Exercise data:

- Opening Delimiter -

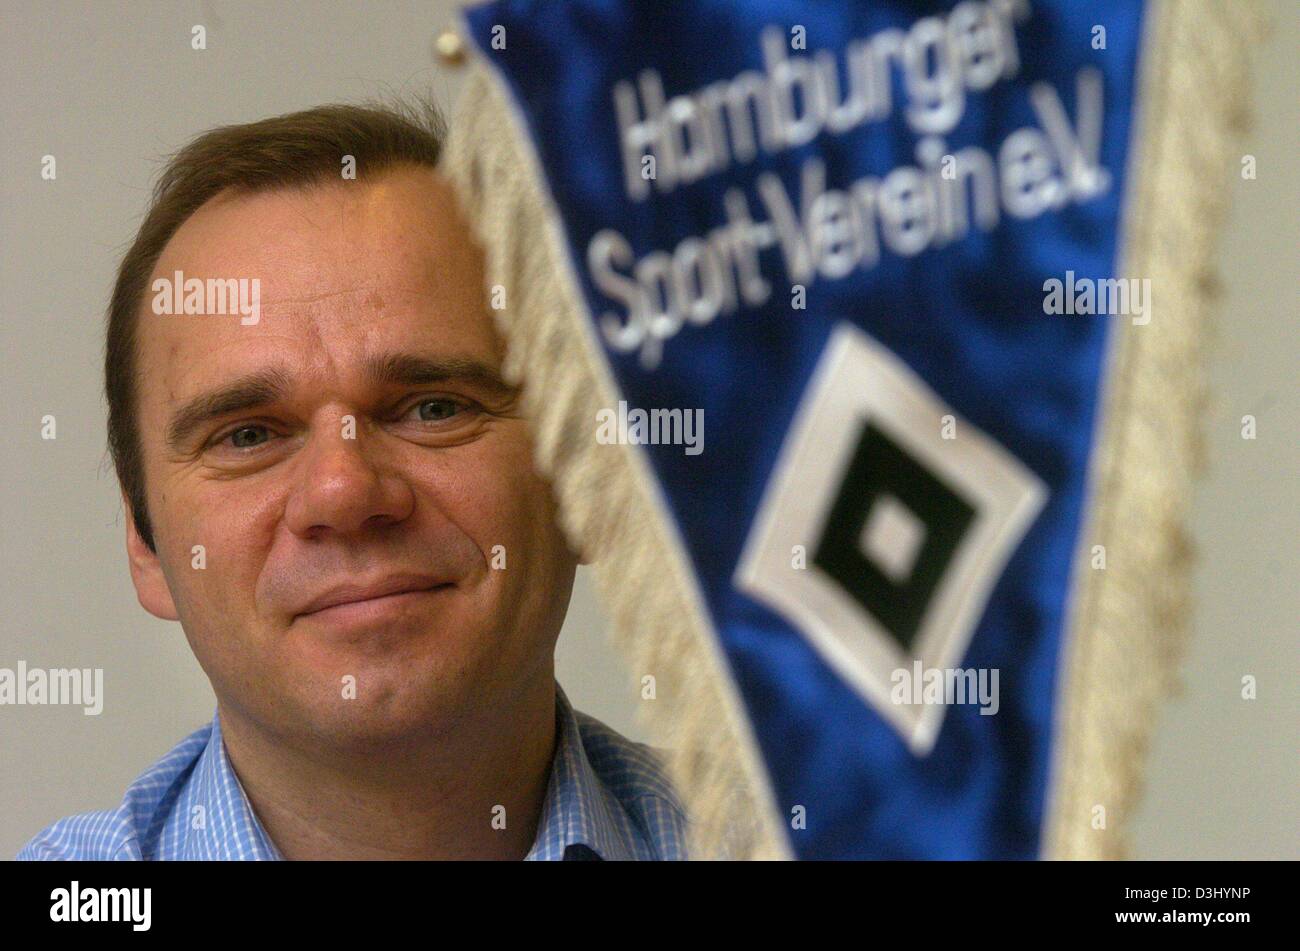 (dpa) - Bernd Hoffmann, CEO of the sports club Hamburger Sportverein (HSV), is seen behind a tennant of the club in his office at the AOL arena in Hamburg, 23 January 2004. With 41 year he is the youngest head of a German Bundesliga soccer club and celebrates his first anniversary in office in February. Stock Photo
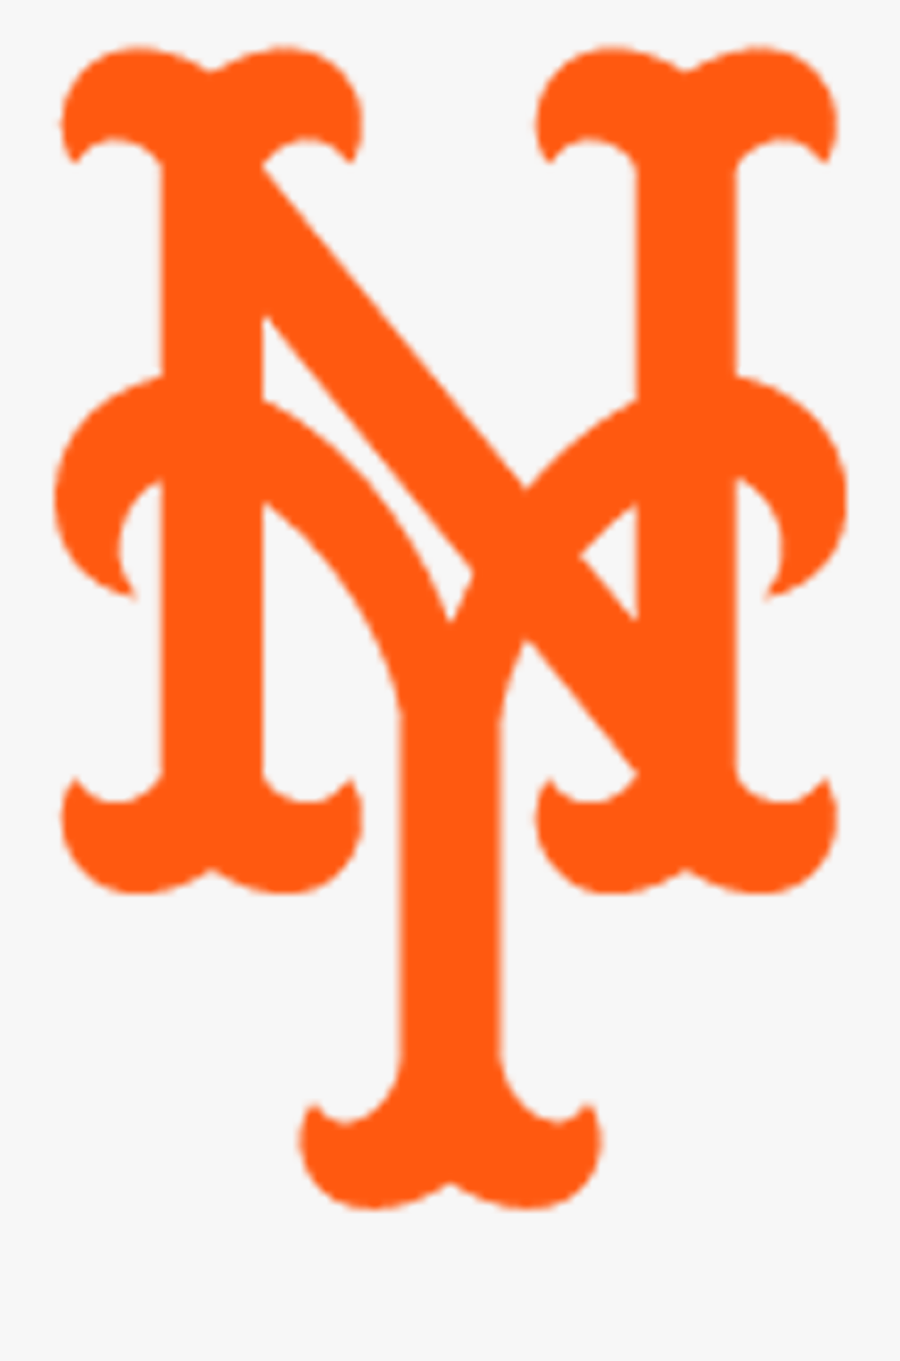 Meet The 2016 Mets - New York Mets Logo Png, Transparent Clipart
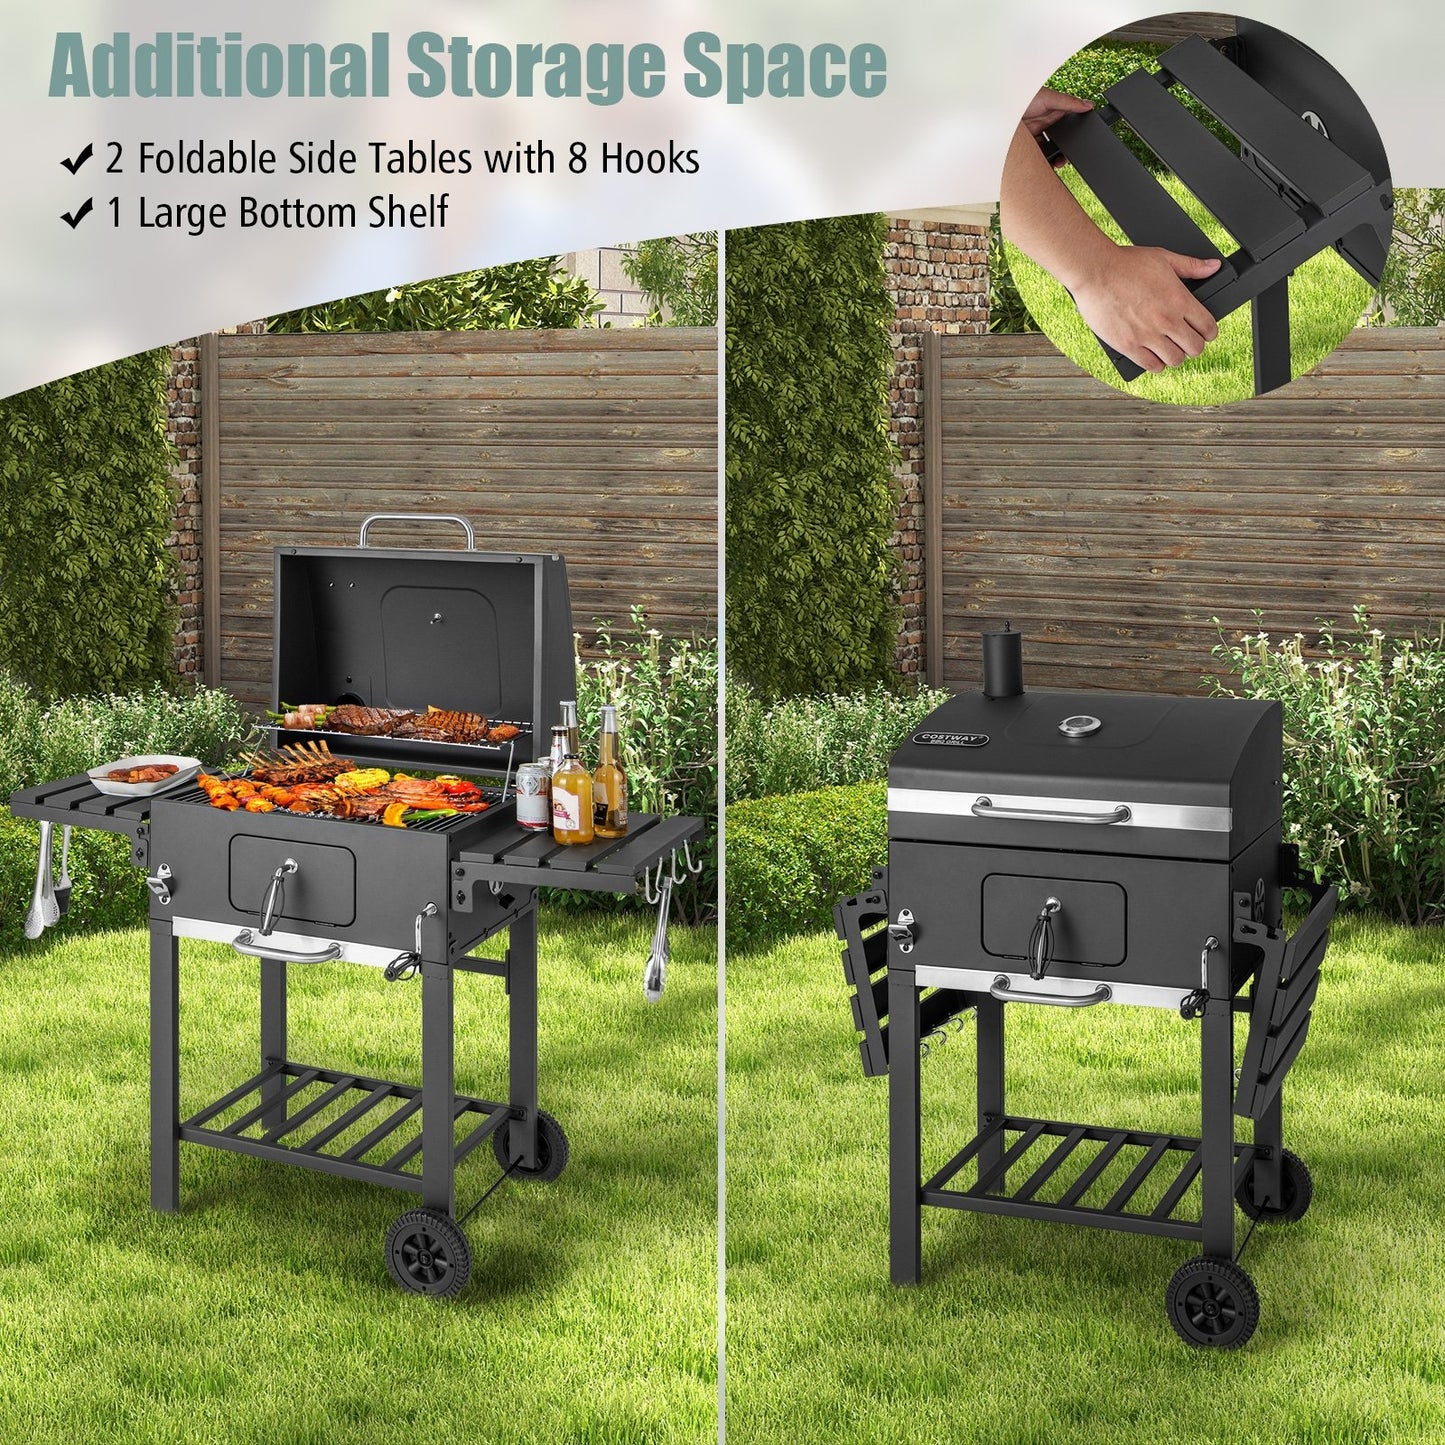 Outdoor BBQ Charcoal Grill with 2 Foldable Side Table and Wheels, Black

- Closing Delimiter -

Pictures aside, repeat exactly every line from the top of the listing above through the line bearing "Meet The 2016", inclusive.

 (dpa) - Bernd Hoffmann, CEO of the sports club Hamburger Sportverein (HSV), is seen behind a tennant of the club in his office at the AOL arena in Hamburg, 23 January 2004. With 41 year he is the youngest head of a German Bundesliga soccer club and celebrates his first anniversary in office in February. Stock Photo
 Meet The 2016 Mets - New York Mets Logo Png, Transparent Clipart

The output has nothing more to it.